What’s your Christmas tree preference?  Real or artificial?  Green or flocked?  I probably stumped you there.  I am most likely a little older than you and when I was a kid, green or flocked was a legitimate question.  Flocking was some kind of fluffy goo that “they” (I’m not quite sure who had the privilege) sprayed all over the tree to make it look like it had been snowed on.

My husband and I have thus far purchased only real trees.  Every Thanksgiving weekend we go out and pick our quirky little tree and set it up with food and water in its container.  We start off so strong—checking the water level daily and refilling it so that the tree keeps drinking.  But somewhere during the festivities and stress of the holidays, our tree gets a little neglected.  This year was particularly bad.  By the time I got around to disrobing it of its beautiful ornaments, the tree was turning brown, and if a tree could scream, it would have yelled, “I’m parched!” at me.  The limbs were wilting, with some having already drooped so low that many of the ornaments had already slid off onto the tree skirt. Let’s just say the January version of our Christmas tree was not candy for the eyes, nor did it serve well to hold up our lovely ornaments.  The tree was in such pitiful shape that I had to perform the walk of shame as I carried the thing out to the corner of the driveway to await the garbage men.

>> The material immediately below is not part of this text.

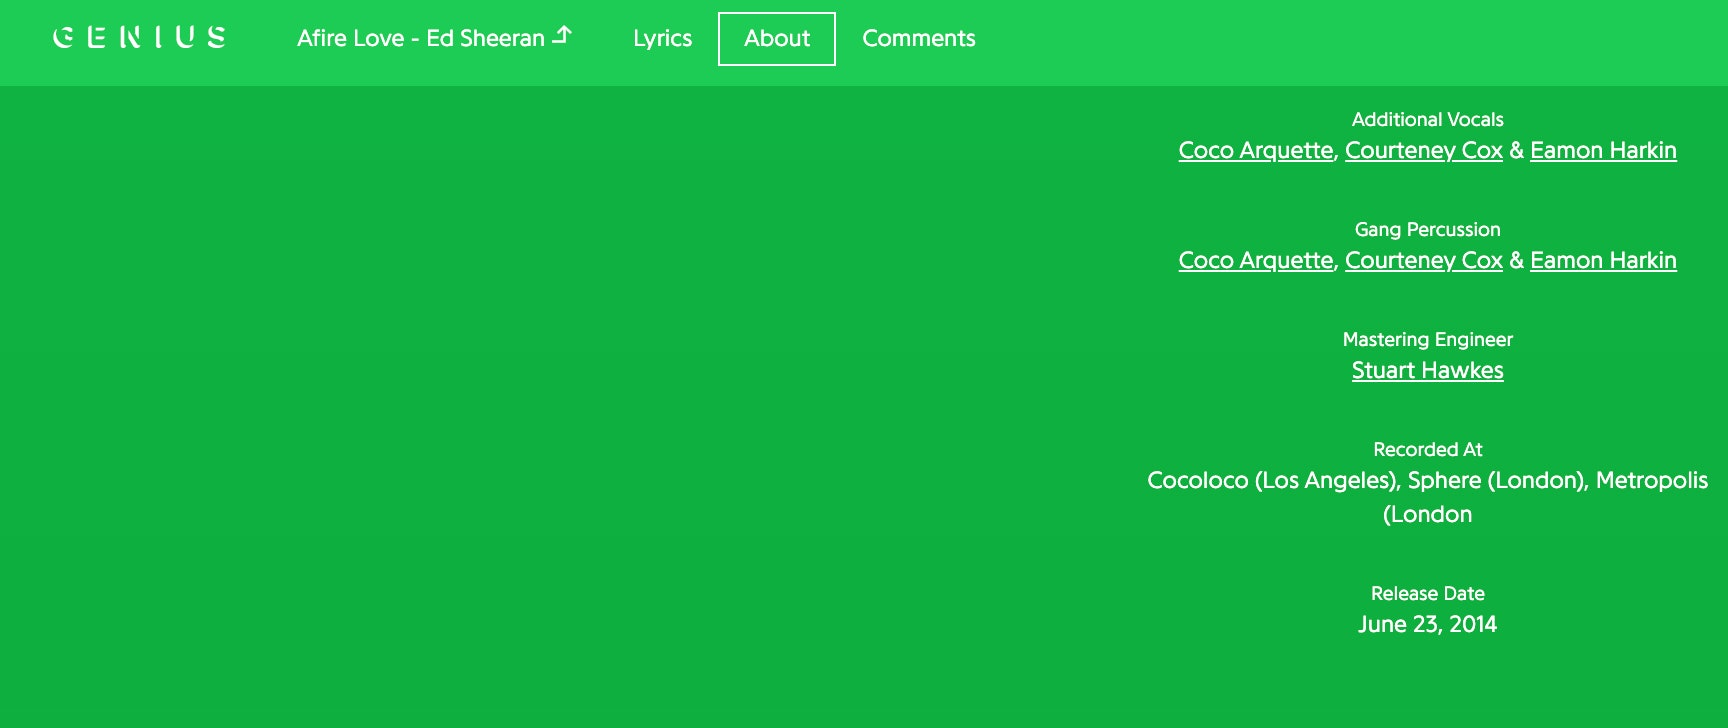 Courteney Cox on enemmän kuin vain ystäviä Ed Sheeranin kanssa – hän laulaa hänen albumillaan
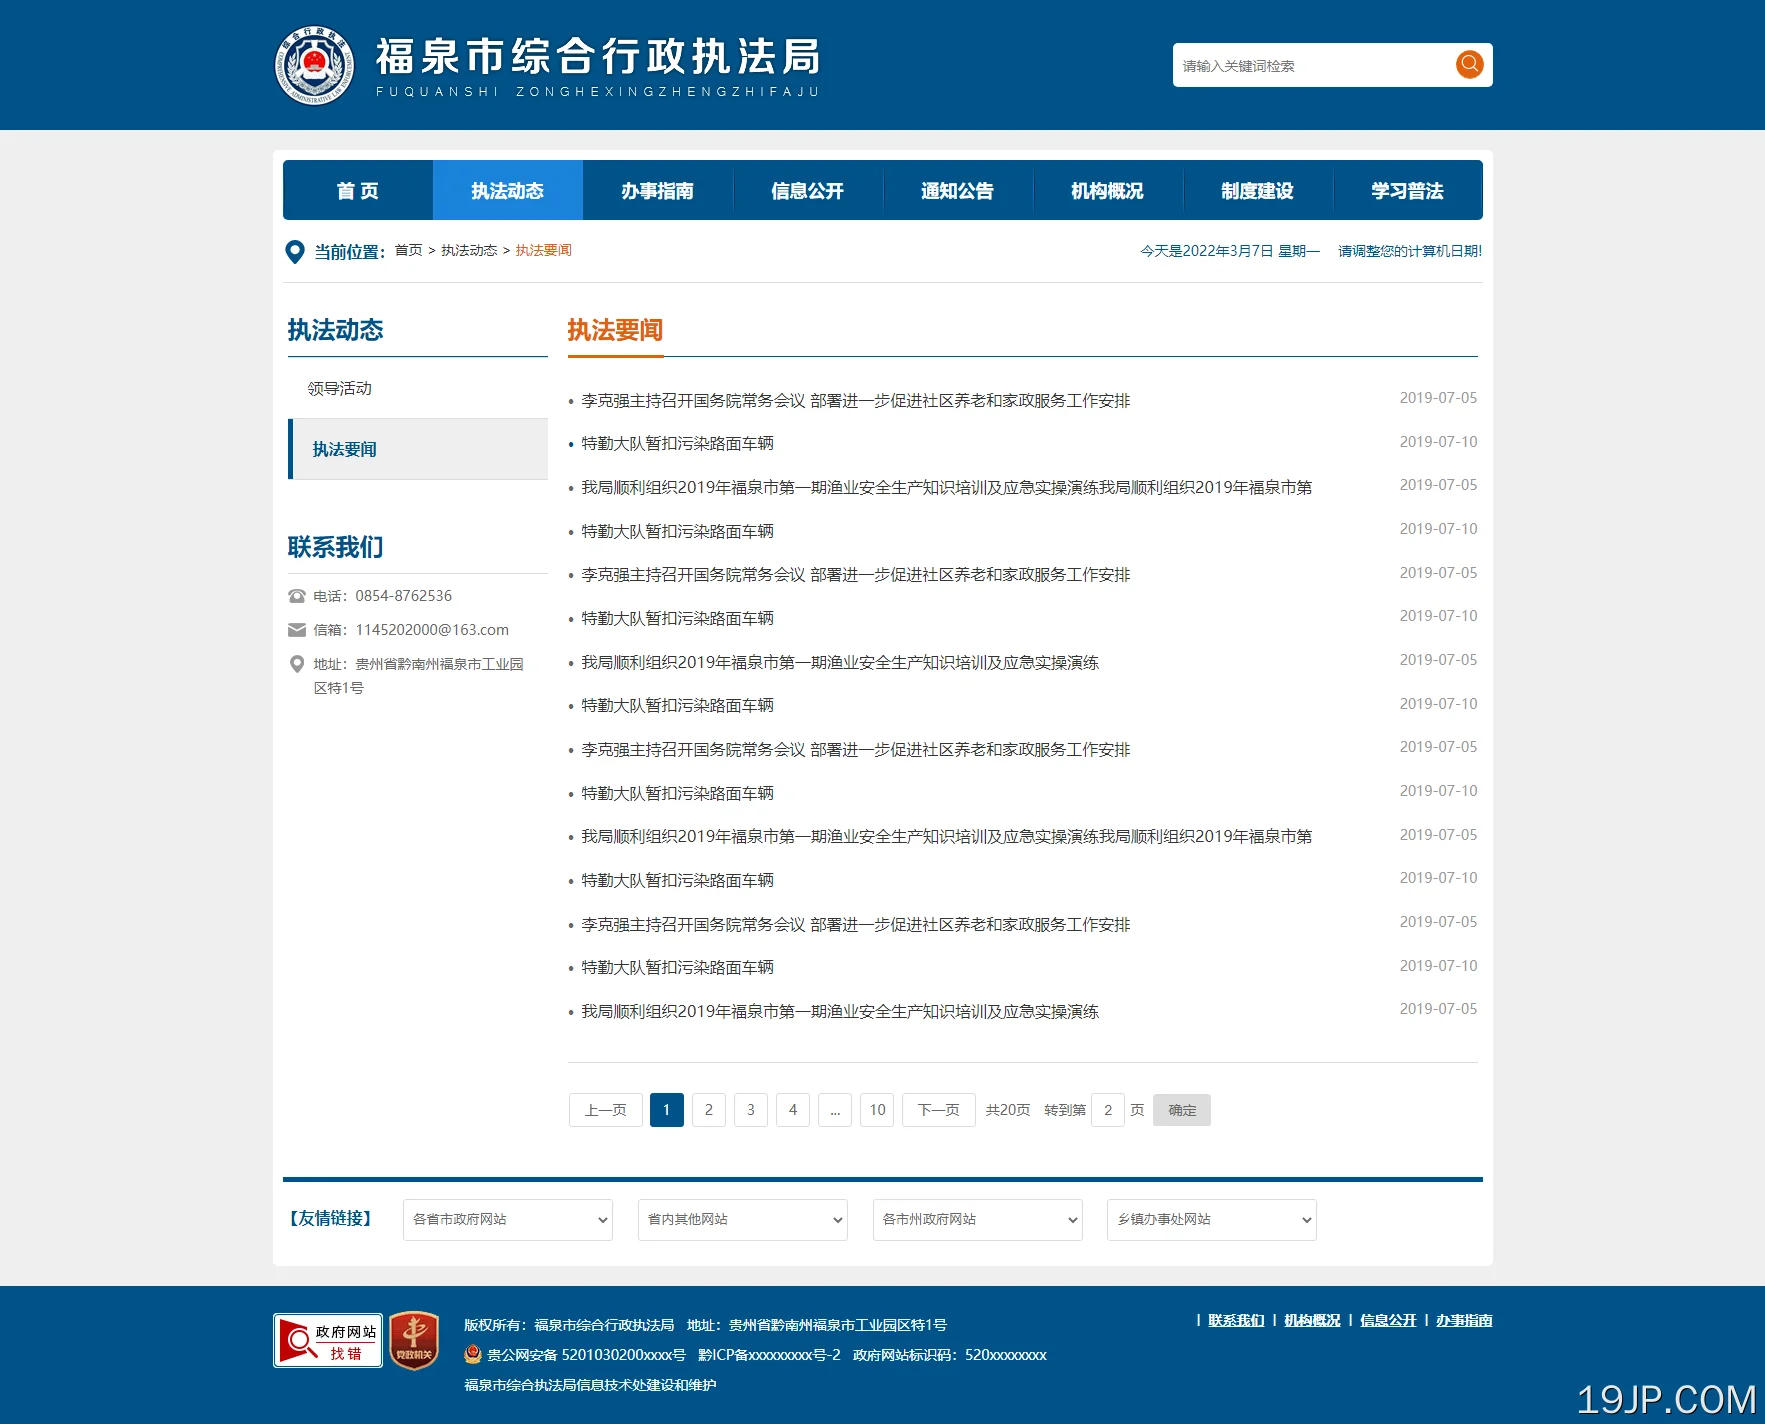 政府网站模板 政府机关事业单位官方网站通用模板 蓝色模板

I was struck by how often my life mirrors the plight of my Christmas tree. Just last week, I realized that my heart was dead on the vine.  I was no wellspring of living water, but rather a dried up well that should contain water, but didn’t.  You see, when I am living dependent on my creator, He keeps me overflowing by His grace. However, when I get busy, and a little independent, my waters begin drying up.

The Bible tells us exactly what we need to do to keep our tree from shriveling:

11 The LORD will guide you always;
       he will satisfy your needs in a sun-scorched land
       and will strengthen your frame.
       You will be like a well-watered garden,
       like a spring whose waters never fail.  Isaiah 58:11

If we stop trying to desperately meet our own needs, if we cry out to God and ask him to be God, guess what?  That’s exactly what He does.  He longs to show us His glory and His power to be our complete provision.  All we need to do is realize our inability to water ourselves and rest and trust in His promise to strengthen our frame and transform us from a desiccated, desperate, almost dead tree into a well-watered garden “whose waters never fail” because they flow into us from the Lord.

Let me leave you with a little something that I read in a book by John Piper:

“We, not He, are starving for something.  And what Jesus wants is for us to experience what we were really made for—seeing and savoring His glory.”

Go be filled, my friends!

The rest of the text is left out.